Na página 70, o linguista brasileiro vai mais longe, afirmando que <<o domínio da norma culta de nada vai adiantar a uma pessoa […] que não tenha casa decente para morar, água encanada, luz elétrica e rede de esgoto. O domínio da norma culta de nada vai servir a uma pessoa que não tenha acesso às tecnologias modernas, aos avanços da medicina, aos empregos bem remunerados, à participação ativa e consciente nas decisões políticas que afetam sua vida e a de seus concidadãos.

O domínio da norma culta de nada vai adiantar a uma pessoa que não tenha seus direitos de cidadão reconhecidos plenamente, a uma pessoa que viva numa zona rural[…]>>. Até aqui, fica mais ou menos evidente a visão de Bagno a respeito da norma culta escrita e do seu ensino nas escolas. Porém, o que também ficou evidente para nós é o apelo emocional que constante- mente ele dirige aos seus leitores, fazendo referência à má governação (?) de políticos brasileiros (provavelmente) não esquerdistas. Ora, essa é uma postura que nos parece incorrecta, pois fica difícil perceber qual fenómeno o autor quer analisar de facto, visto que coloca todos os “problemas” num único recipiente.

É certo que uma análise linguística também implica olhar para fenómenos políticas, mas, sob pena de comprometer os resultados da pesquisa, o investigador precisa de assumir uma postura neutra em relação ao fenómeno (linguístico, cultural, social, etc.) que analisa e ser o mais transparente possível. O que se disse acima fica mais evidente quando se lê, na página 71, a seguinte pergunta: <<Vale- rá mesmo a pena promover a “ascensão social” para que alguém se enquadre dentro desta sociedade em que vivemos, tal como ela se apresenta hoje?>>.

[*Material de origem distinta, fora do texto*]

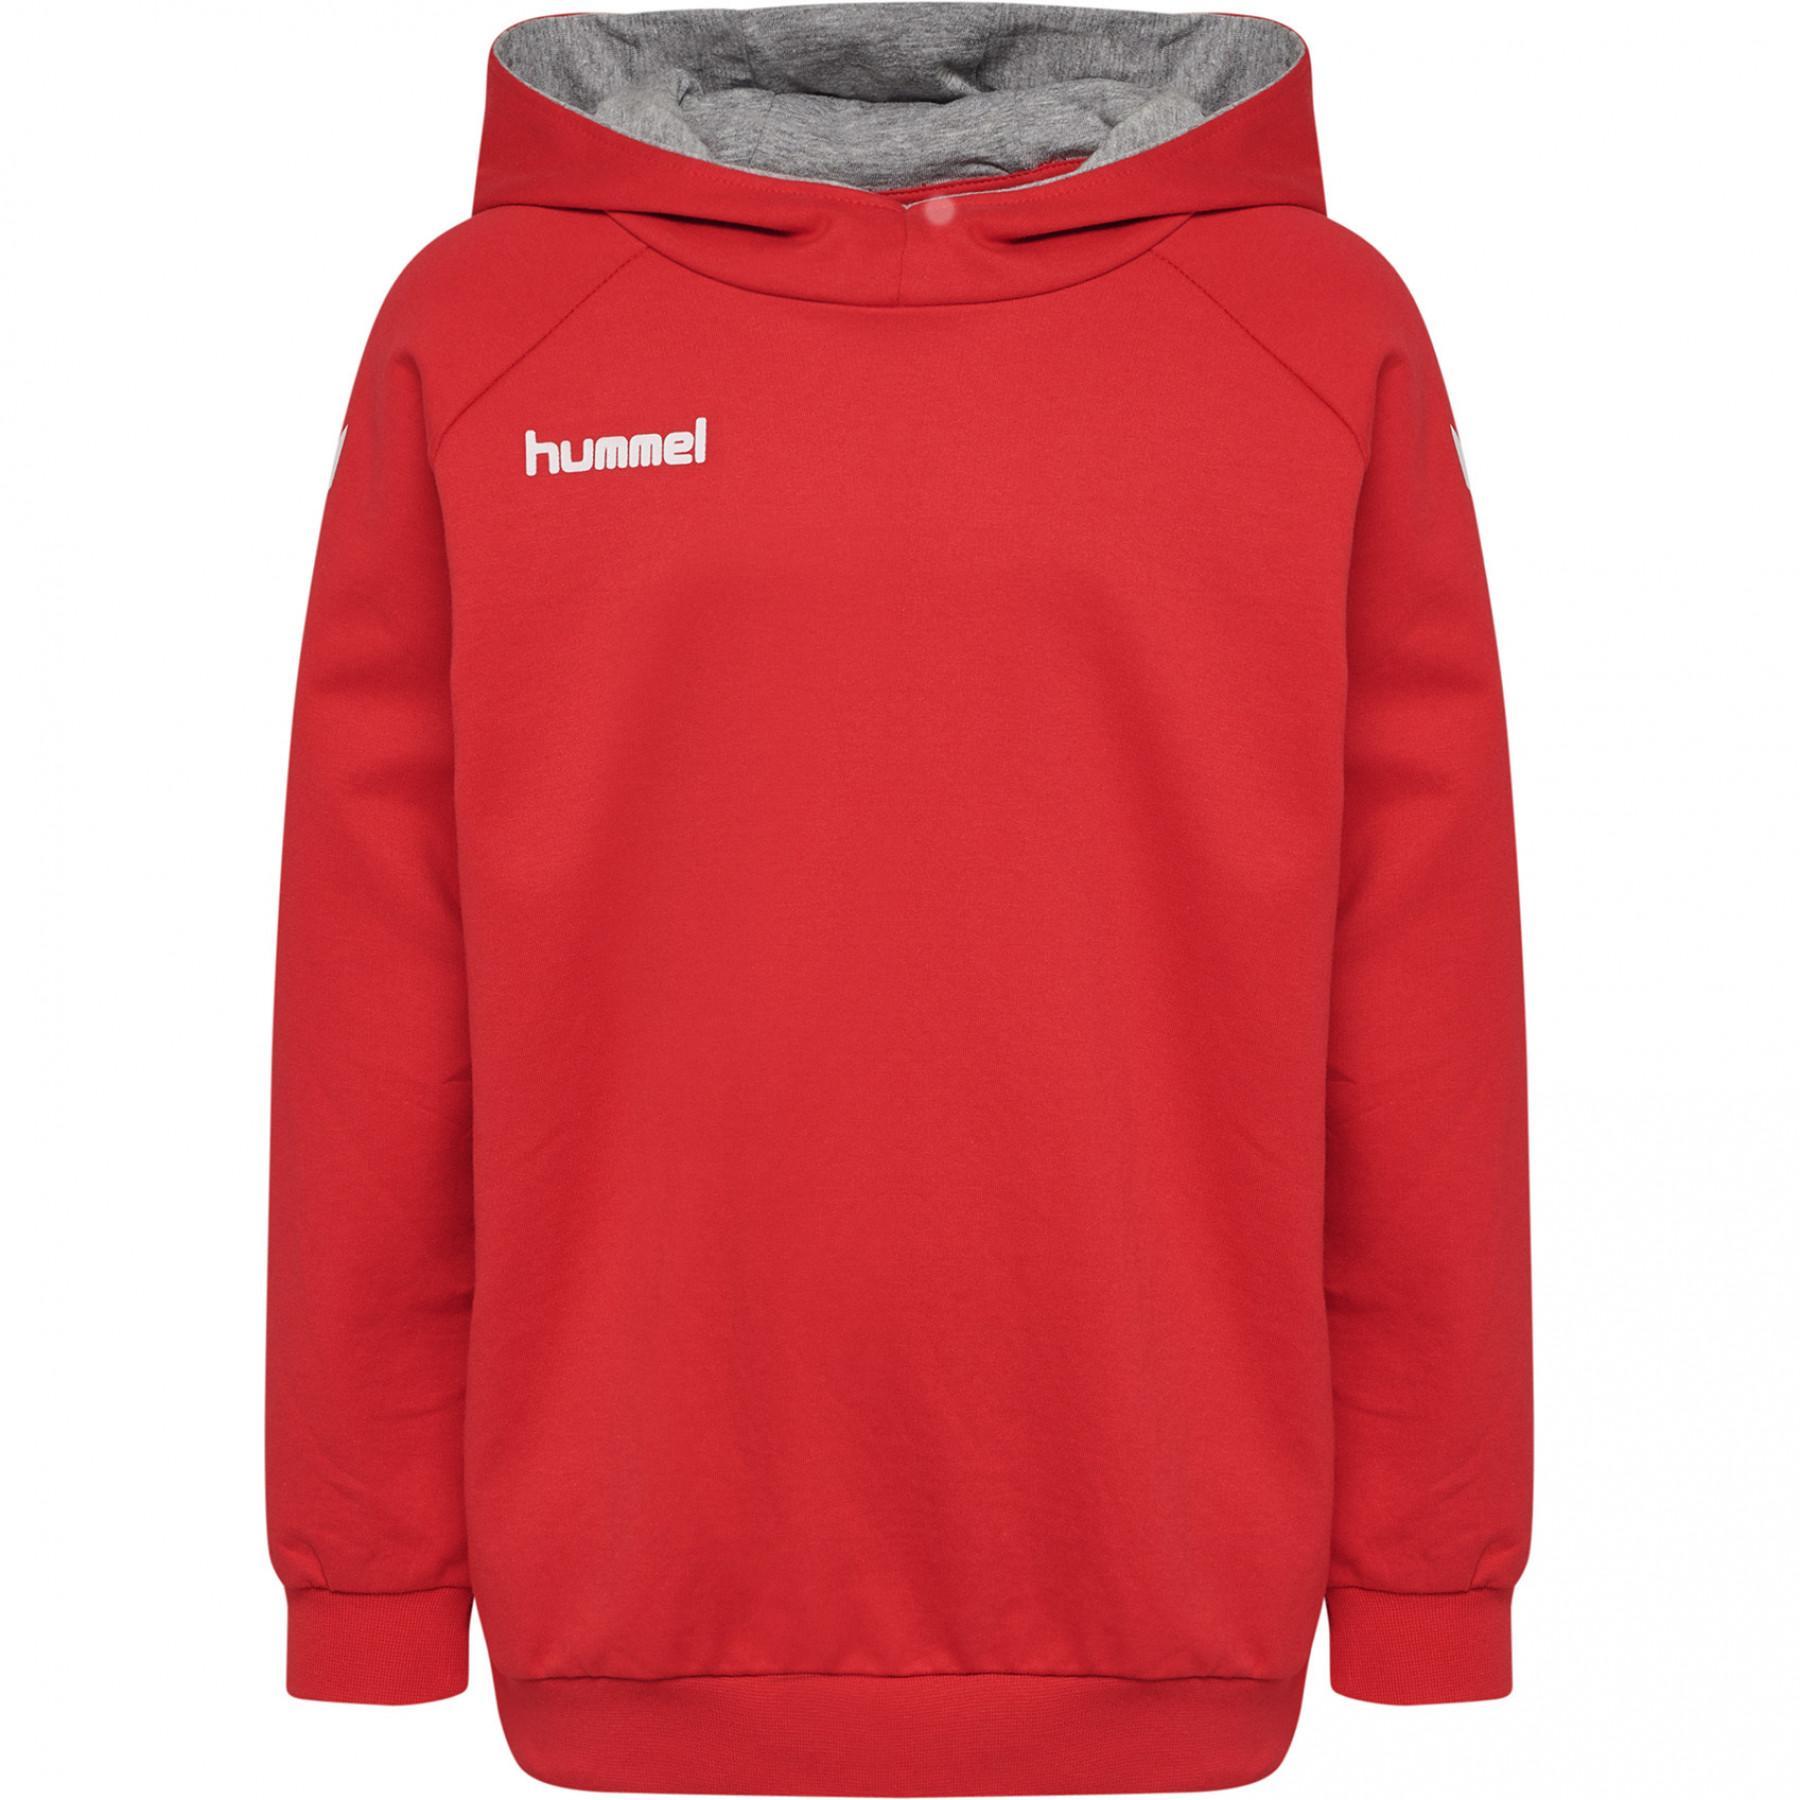 sweatshirt - hmlGO - Hooded Handball Men\'s children wear Sweatshirts cotton wear Hummel - for

Aqui, Bagno sugere que, pelo caos social que se verifica, é bom que não se promova a ascensão social, esquecendo- se de que não cabe à norma culta (nem a escrita, nem a oral) orientar a acção ético-moral dos indivíduos. Ou ele está, outra vez, a misturar os assuntos para forçar apelo emocional? E ainda diz que o <<domínio da norma culta de nada vai servir a uma pessoa que não tenha acesso […] aos empregos bem remunerados, à participação ativa e consciente nas decisões políticas que afetam sua vida e a de seus concidadãos>>, como se um dos itens mencionados aí fosse o objectivo da norma culta.

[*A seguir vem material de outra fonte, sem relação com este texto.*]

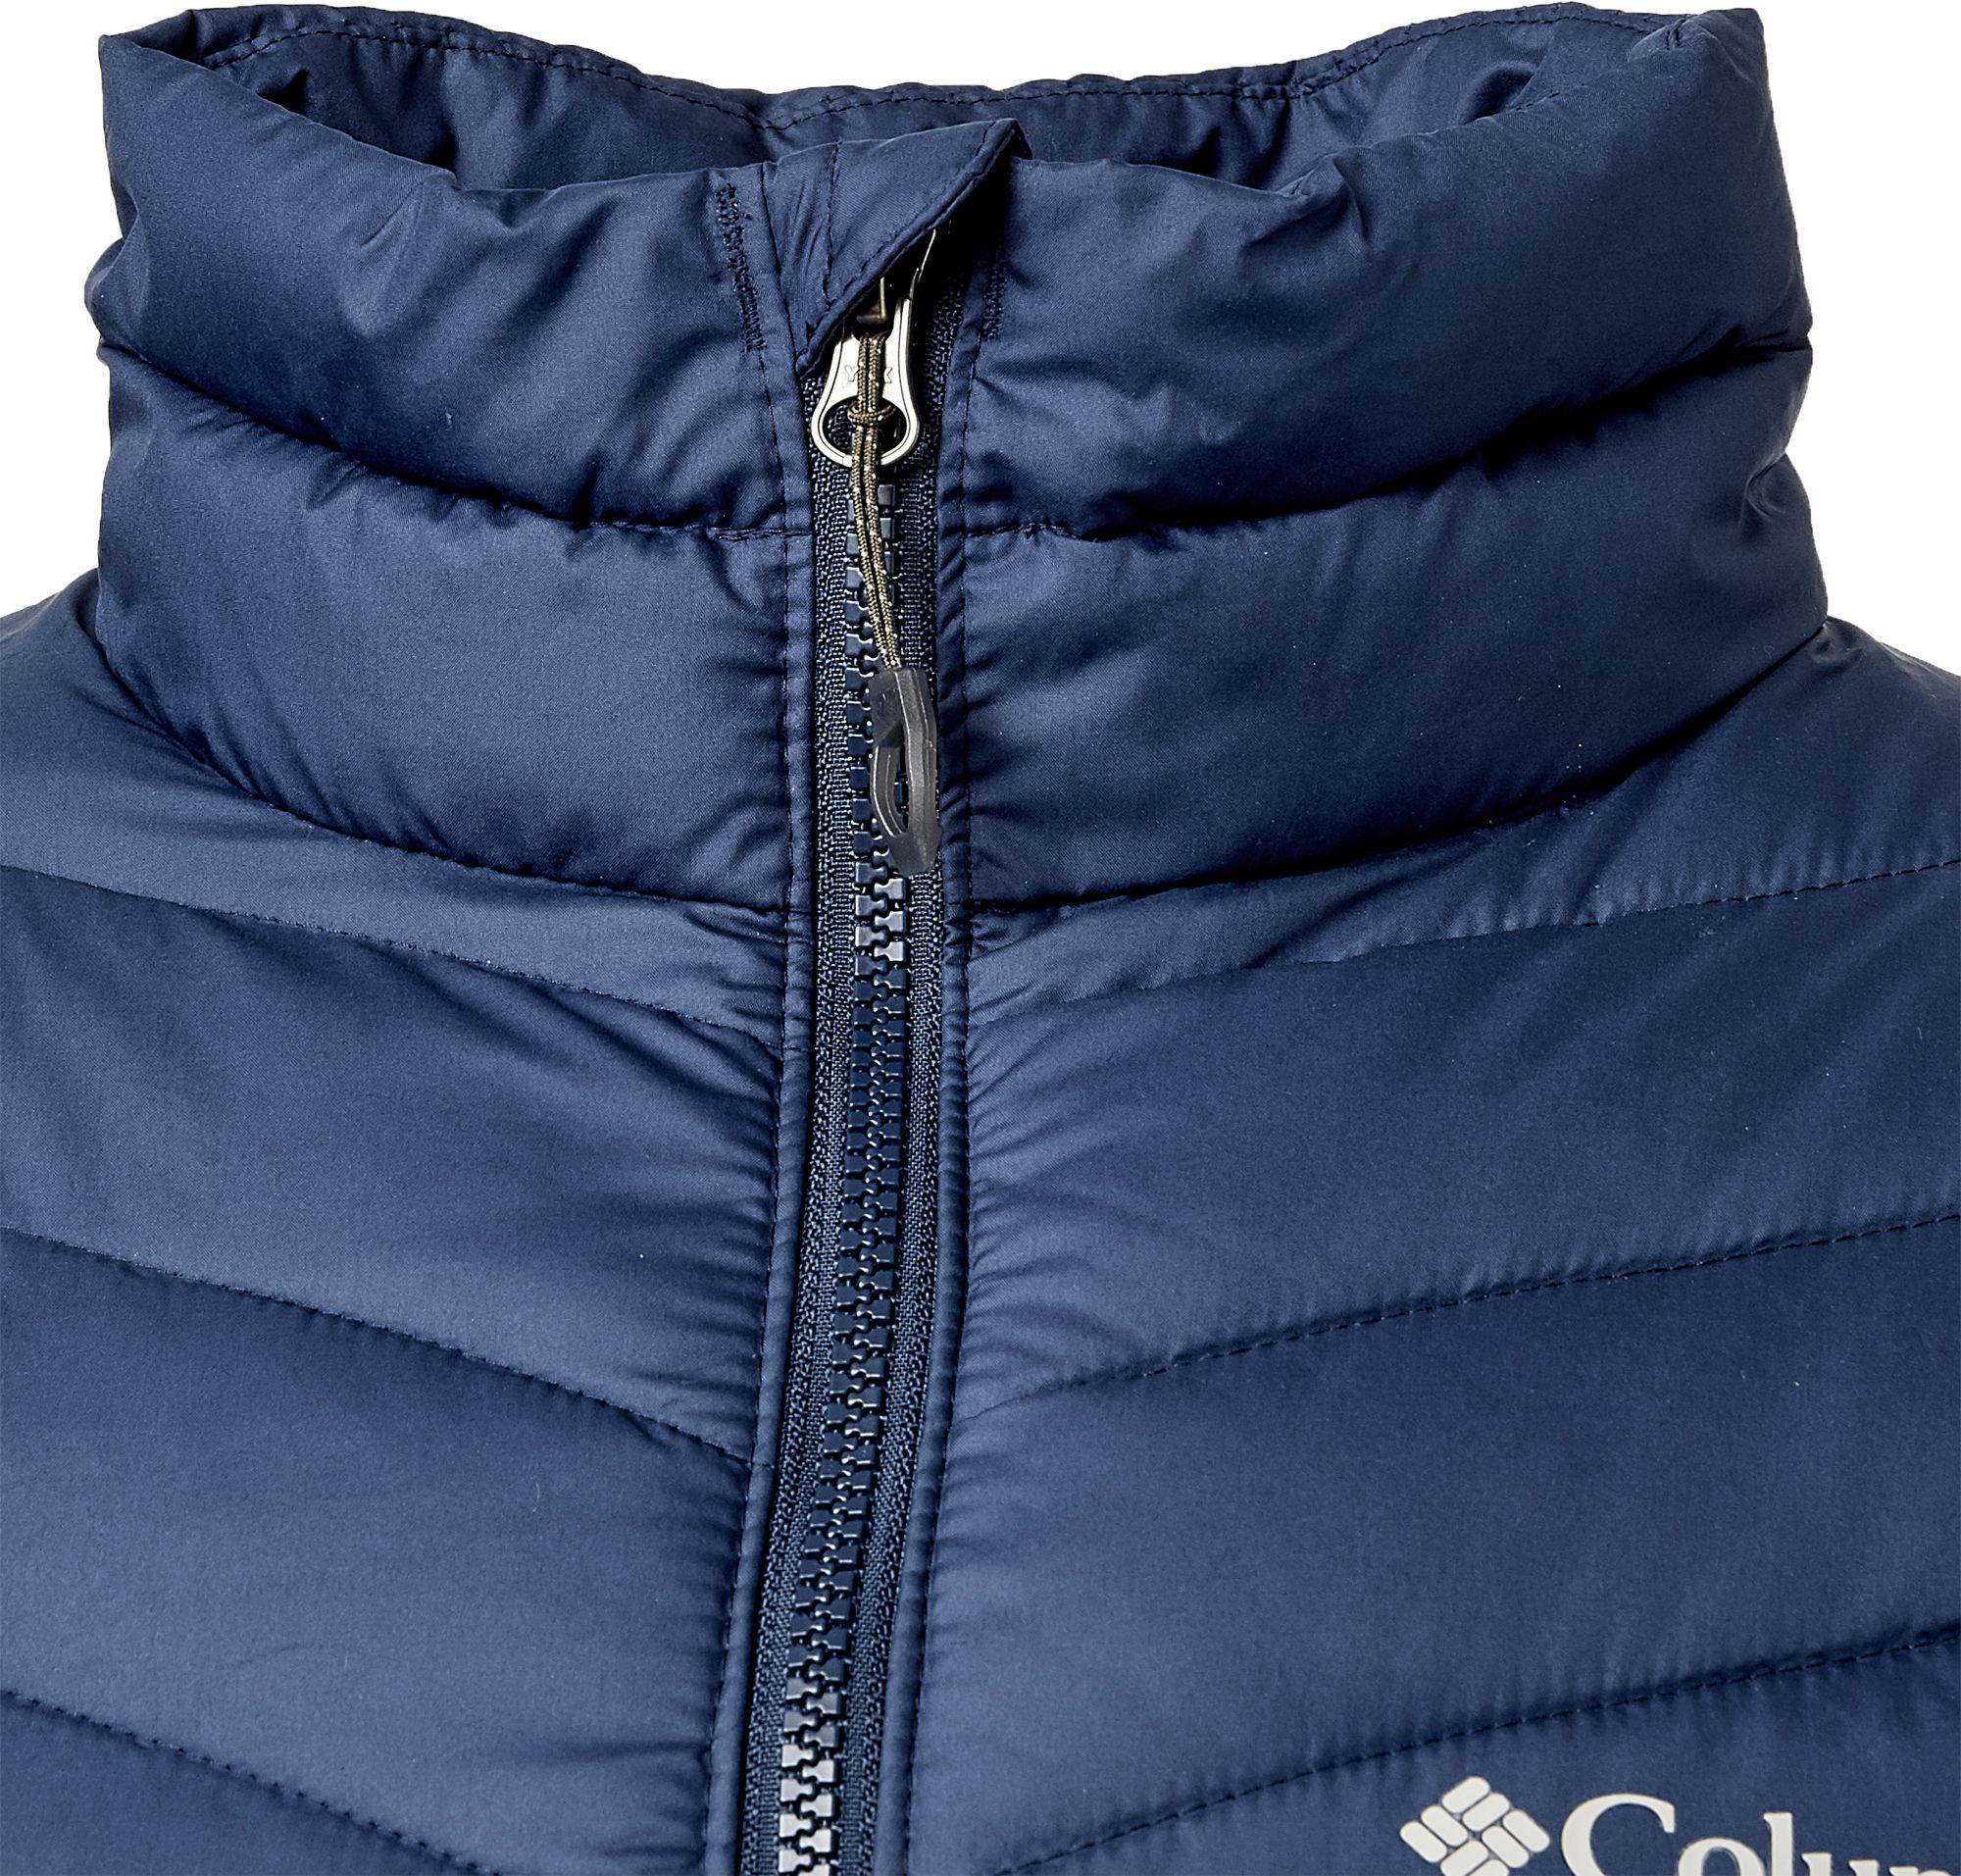 columbia titanium valley ridge jacket

Seria bom se Bagno dissesse qual gramático afirma que a aprendizagem da norma culta faz com que o indivíduo tenha, só por dominá-la, empregos bem remunerados, por exemplo. Do contrário, as suas afirmações só servirão de disfarce ideológico que se aproveita da ciência para pregar interesses próprios, políticos. Ademais, quem lhe disse que ascensão social consiste apenas em ocupar <<o topo da pirâmide social, económica e política do país>>? Os que ganham a vida como faxineiros, os cidadãos que varrem as ruas, etc., não ascenderam? Há mais: diz que <<o domínio da norma culta de nada vai adiantar a uma pessoa que não tenha seus direitos de cidadão reconhecidos plenamente>>, esquecendo-se de que negar a quem quer que seja o direito de aprender uma norma linguística é também um acto de injustiça social e uma forma de perpetuar as desigualdades.

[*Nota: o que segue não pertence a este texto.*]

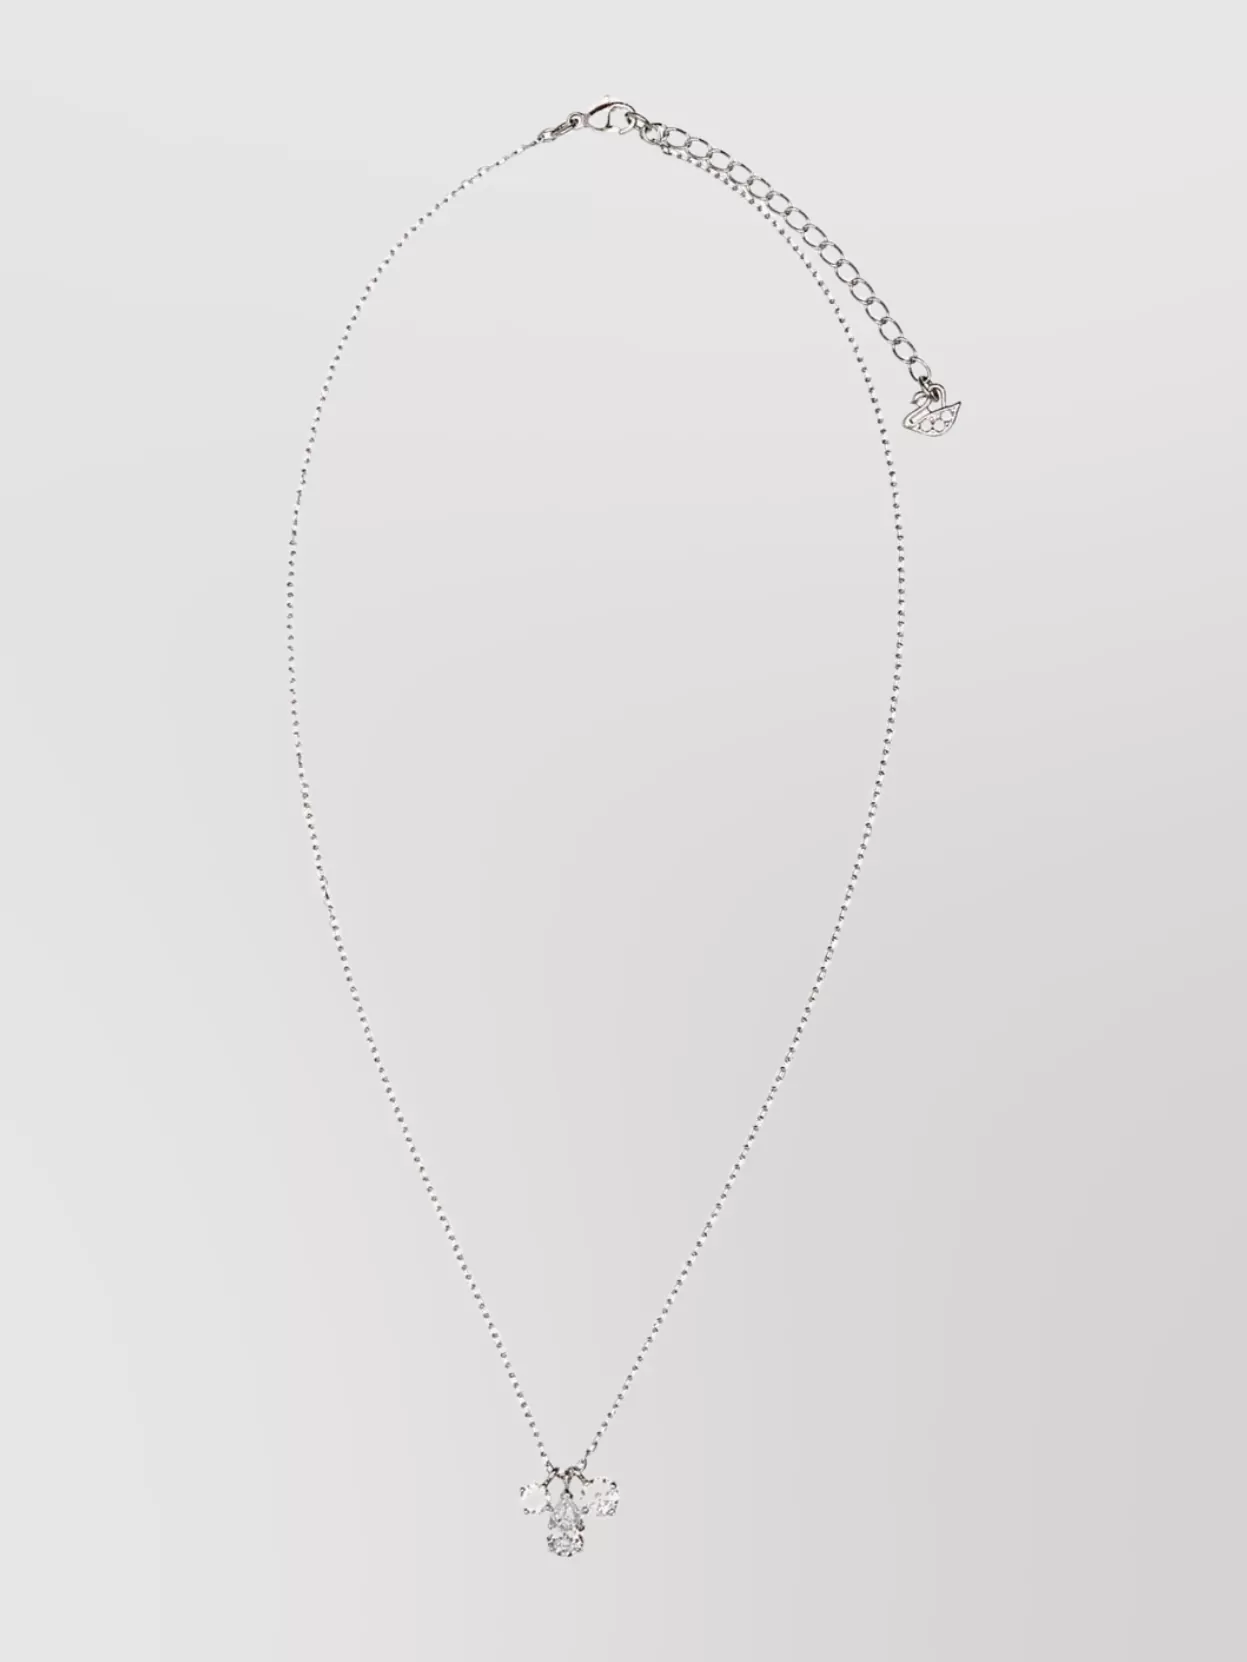 Shop Swarovski Crystal Pendant Necklace Adjustable Chain Length

Assim, não nos parece sensato deixar de promover a ascensão social por via do ensino da norma culta ou por outra via. Precisamos de melhorar as metodologias de ensino e criar políticas educativas mais inclusivas. E não é culpa da norma culta (escrita ou oral) que a riqueza de um país esteja toda estagnada nas mãos duma minoria: é da incompetência de líderes autocratas, corruptos. Portanto, é errado utilizar a norma para mostrar descontentamento pelos erros de um gestor público. Há evidências de que a norma gramatical é um excelente trampolim nas relações humanas e na conquista de empregos, todavia não é o único e nem sempre é o mais eficiente. Fim?